Superman

I've always loved movies. I worked in a movie theatre during college and it's always been a place for me to be able to go and relax and escape for a few hours. Plus, who doesn't love hot popcorn and large amounts of sugary liquid?! 

I've also always loved Superman. I used to collect Superman trinkets and get into arguments with my friends who said Batman was the better superhero (whatevs...). 
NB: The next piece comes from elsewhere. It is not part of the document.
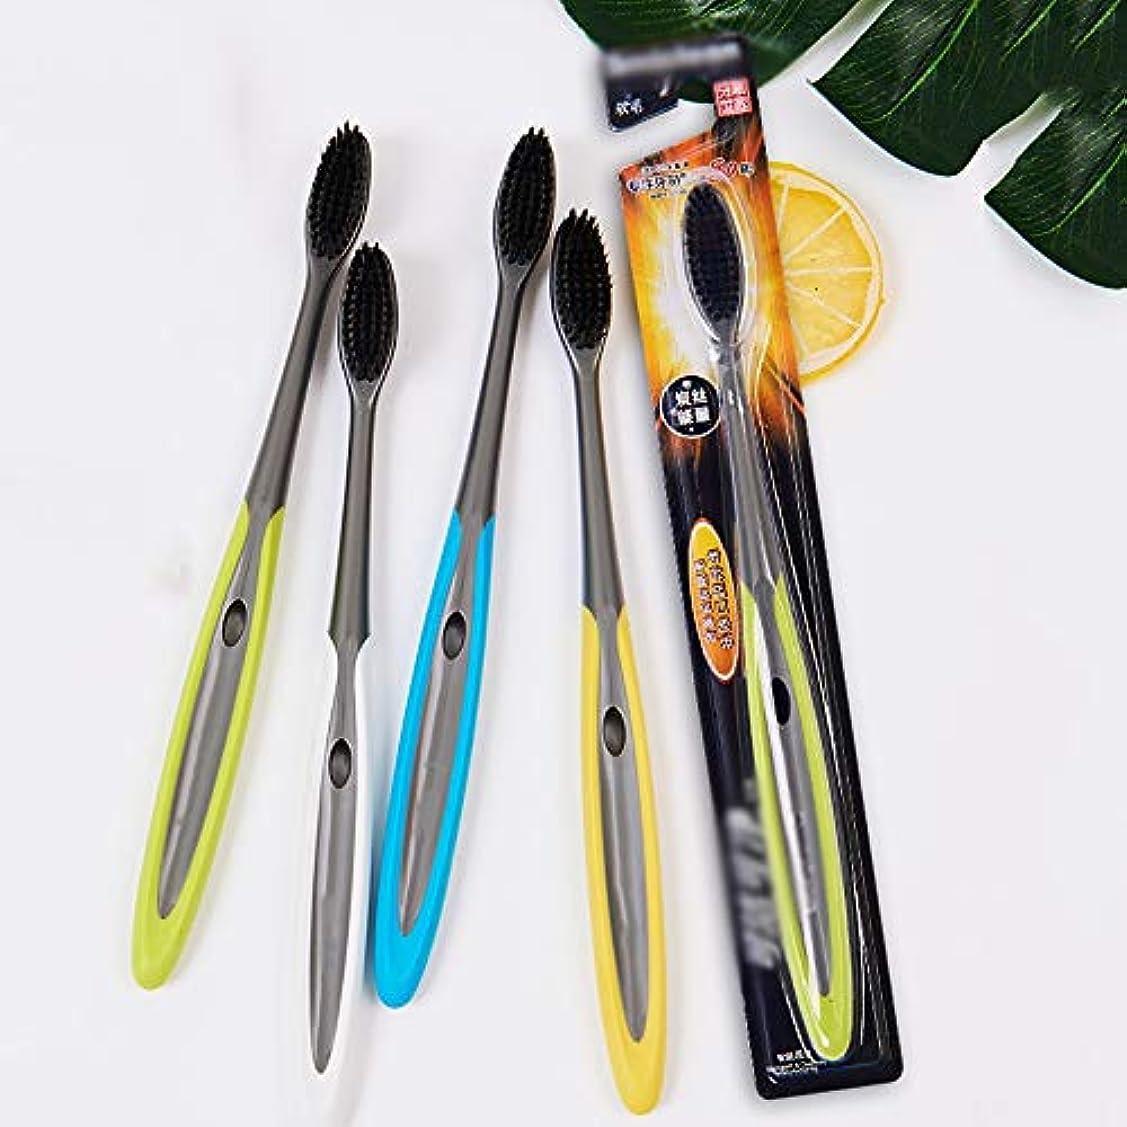 しかしながら突き出す除外する歯ブラシ アダルト竹炭歯ブラシ、バルク柔らかい歯ブラシは、新鮮な口歯ブラシを支援します - 10パック KHL (サイズ : 10 packs)

I finally saw the new Justice League movie. I don't get to watch movies in the theatre as often now but with the recent break from school, I indulged! I won't review the movie (as I wasn't totally stoked about it) but what stuck with me was one scene in particular: 

(SPOILER ALERT!)

Superman/Clark Kent comes back to life and goes crazy with terror and confusion and ultimately calms down with the help of Lois, his love. They fly back to his childhood home to have some quiet time to reflect and reconnect. In my head, I was thinking "oh, this is great! He's back, they can get married now, and he can save the world" blah blah blah... But then, like usual, my brain then jumps to "oh my word, he came back to life! Lois must be losing her mind! What will his mom think?!" As soon as I thought that a truck drives down the dirt road. His mom jumps out of her truck and runs to her son. He says, "Hi mom." 

CUE CRYING

Of course, that is a dream of every mother that has lost a child. I have quite a few friends that I have met along this journey that have had dreams of seeing their child again. I have not had a dream like that, yet. What I asked myself after that movie scene was, "would I want Jax to come back to life if it was possible?"

Many people would immediately say, definitely! I, though, don't know. I examined how confused and broken Superman was after being brought back to life. He wasn't meant to come back. His mom was happy but I imagine her character thinking, "how long will you be here this time? Were you happier gone from here?" 

Once you have lost a child, or anyone close to you, that question of "how are they now?" is always there. I again am thankful for my faith and strength in God. I would be a hot mess without Him. 

I find strength in knowing that Jax is not hurting. He is not struggling to breathe. His body is whole. As today marks two years since Jax passed away, I repeat the following promises that God has given me: Jax is healed. He is laughing, talking, and running.

And I know that one day we will run to each other and I will finally hear him say "Hi mom."